AMC to develop Black Lives Matter drama series based on the book "They Can't Kill Us All"

Featuring "fictional characters," but based on real events, the drama would tell the story of Black Lives Matter

Published September 12, 2017 11:46AM (EDT)

 (Getty/David McNew)
(Getty/David McNew)

Reports say that AMC is developing a new drama series based on Wesley Lowery's book "They Can't Kill Us All: Ferguson, Baltimore, and a New Era in America's Racial Justice Movement," a chronicle of black deaths at the hands of the police from Michael Brown to Philando Castile, and the rise of Black Lives Matter.

The potential series would be written and executive produced by LaToya Morgan, a writer and producer for other AMC series "TURN: Washington's Spies" and "Into the Badlands." The independent production company Makeready is cultivating the new drama for AMC, while its co-founder and CEO Brad Weston is executive producing alongside LaToya Morgan, as well as Makeready’s Pam Abdy and Scott Nemes. According to Deadline, the drama would "reflect current events and race relations through the stories and voices of fictional characters."

The bestselling nonfiction book was published in 2016 by Little, Brown and Company, and centers on the question: "What does the loss of any one life mean to the rest of the nation?" the book's description says. "Lowery examines the cumulative effect of decades of racially biased policing in segregated neighborhoods with failing schools, crumbling infrastructure and too few jobs."

Lowery is a Washington Post journalist and also worked on the newspaper's "Fatal Force" project, a database that tracks police deaths. The project's staff was awarded the Pulitzer Prize for National Reporting in 2016.

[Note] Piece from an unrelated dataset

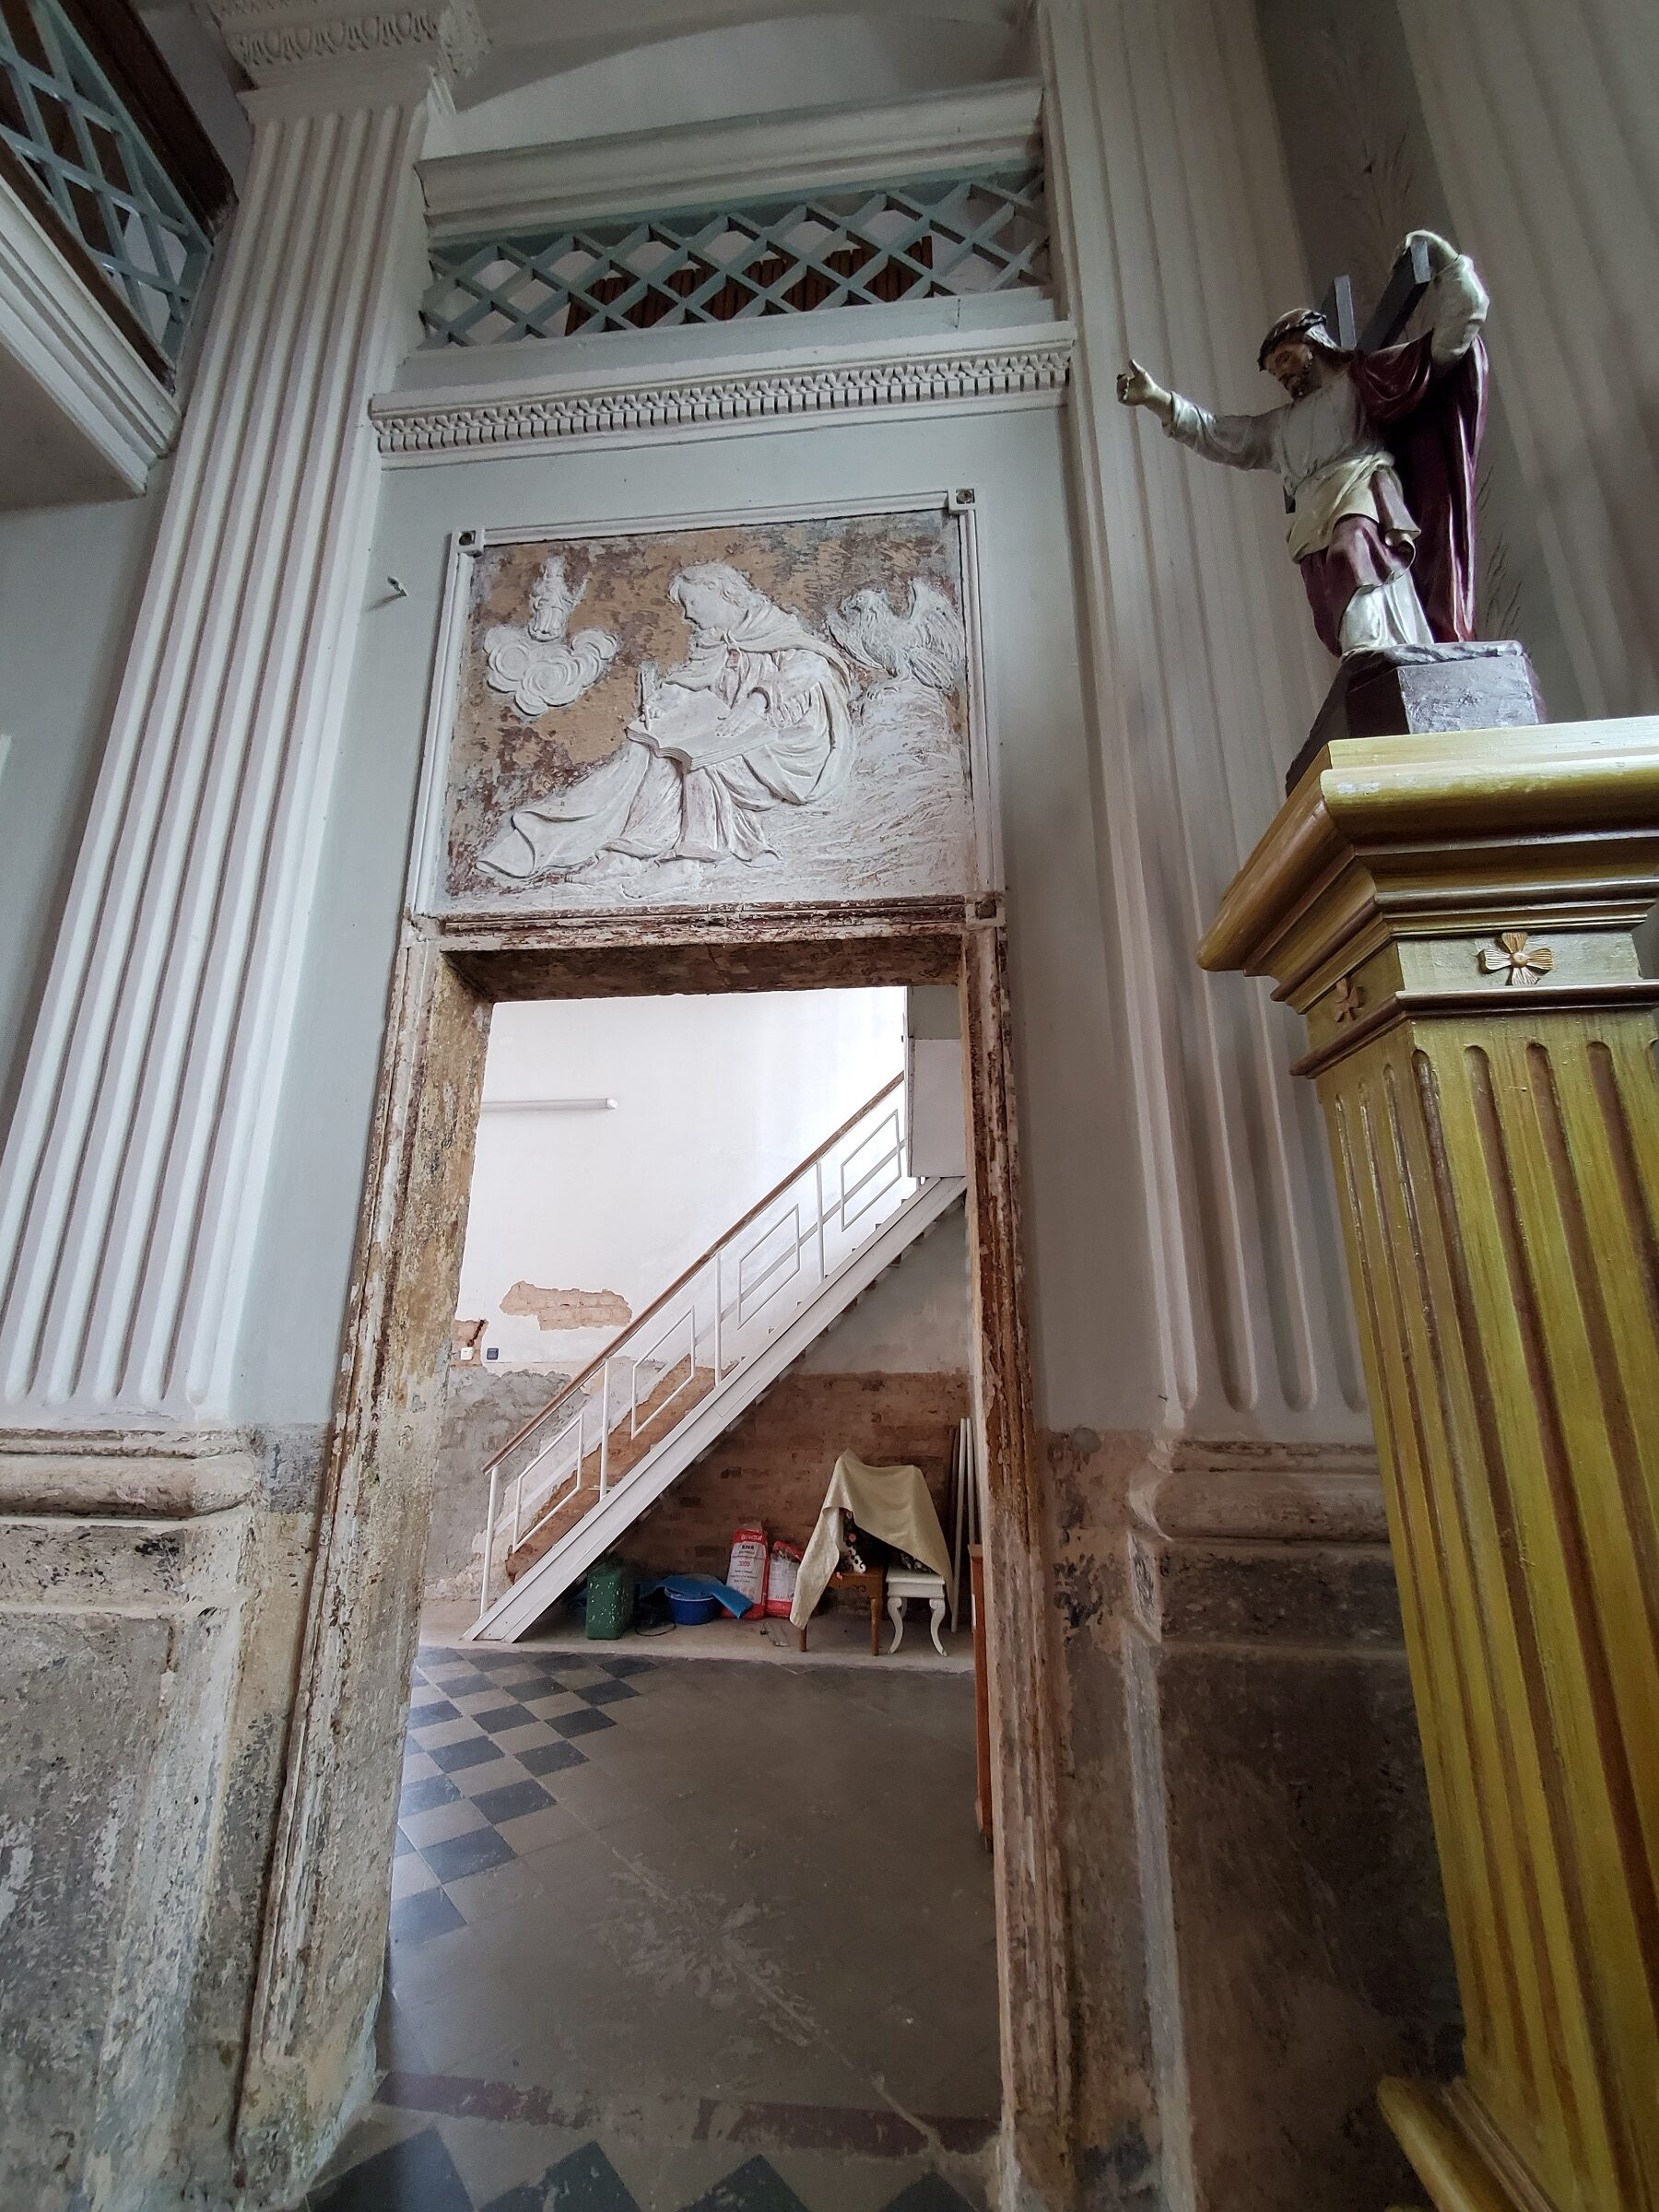 20200703 143007 rotated - Костел Святой Анны в деревне Мосар
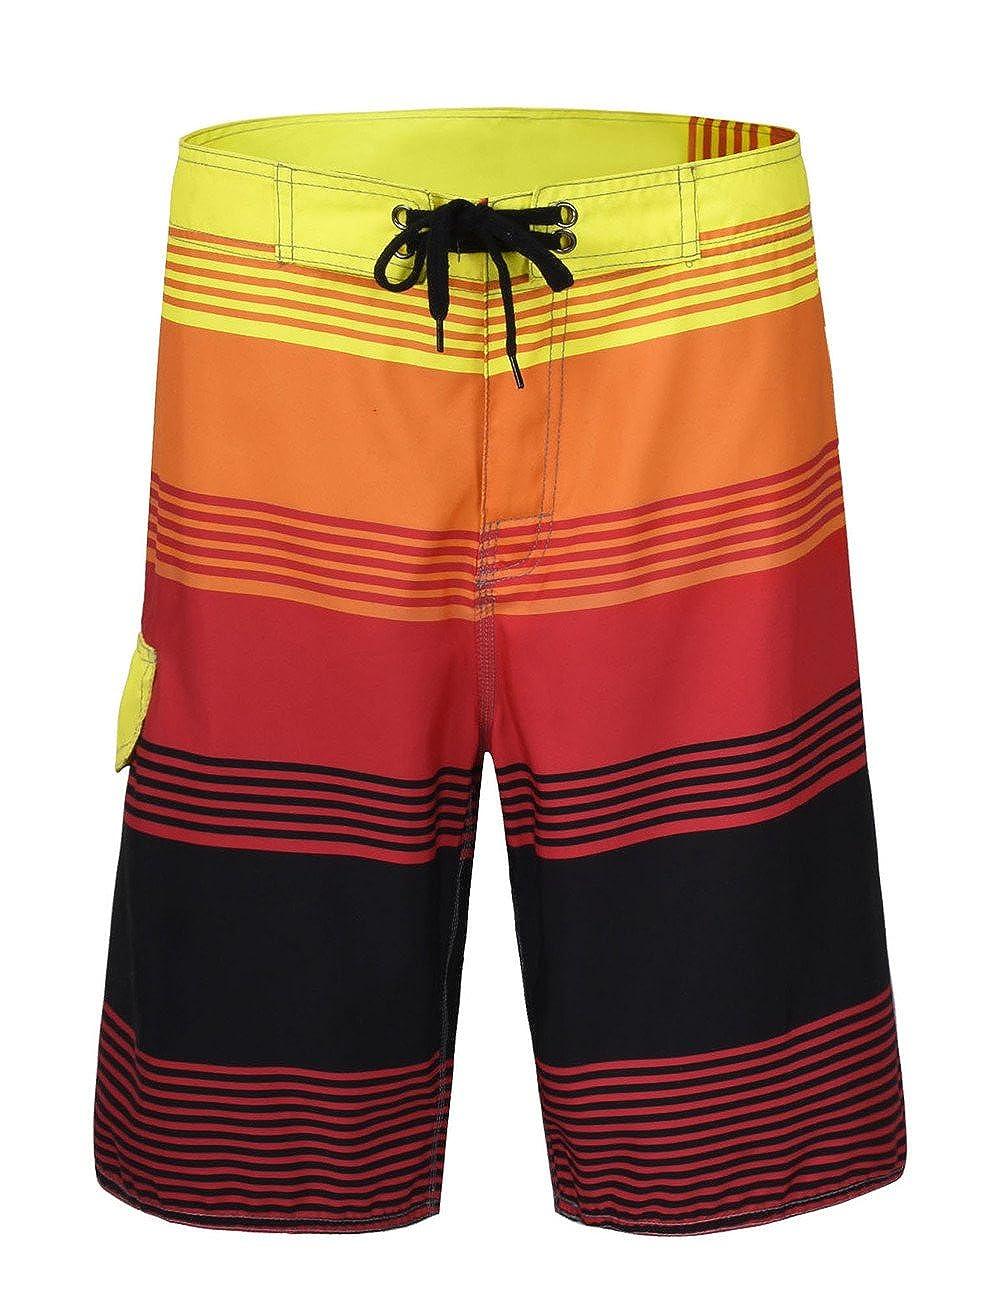 Hopgo Men's Swim Trunks 22' Boardshort Beach Shorts Swimwear Shorts HP-MK03300

The development of a Black Lives Matter drama series speaks to a sentiment filmmaker Ava Duvernay expressed in an interview with The Atlantic in 2016 after the release of her acclaimed documentary "13th." She explained: "On one day, across multiple platforms, you have black artists declaring our humanity, our dignity, essentially through all of these pieces, saying that black lives matter."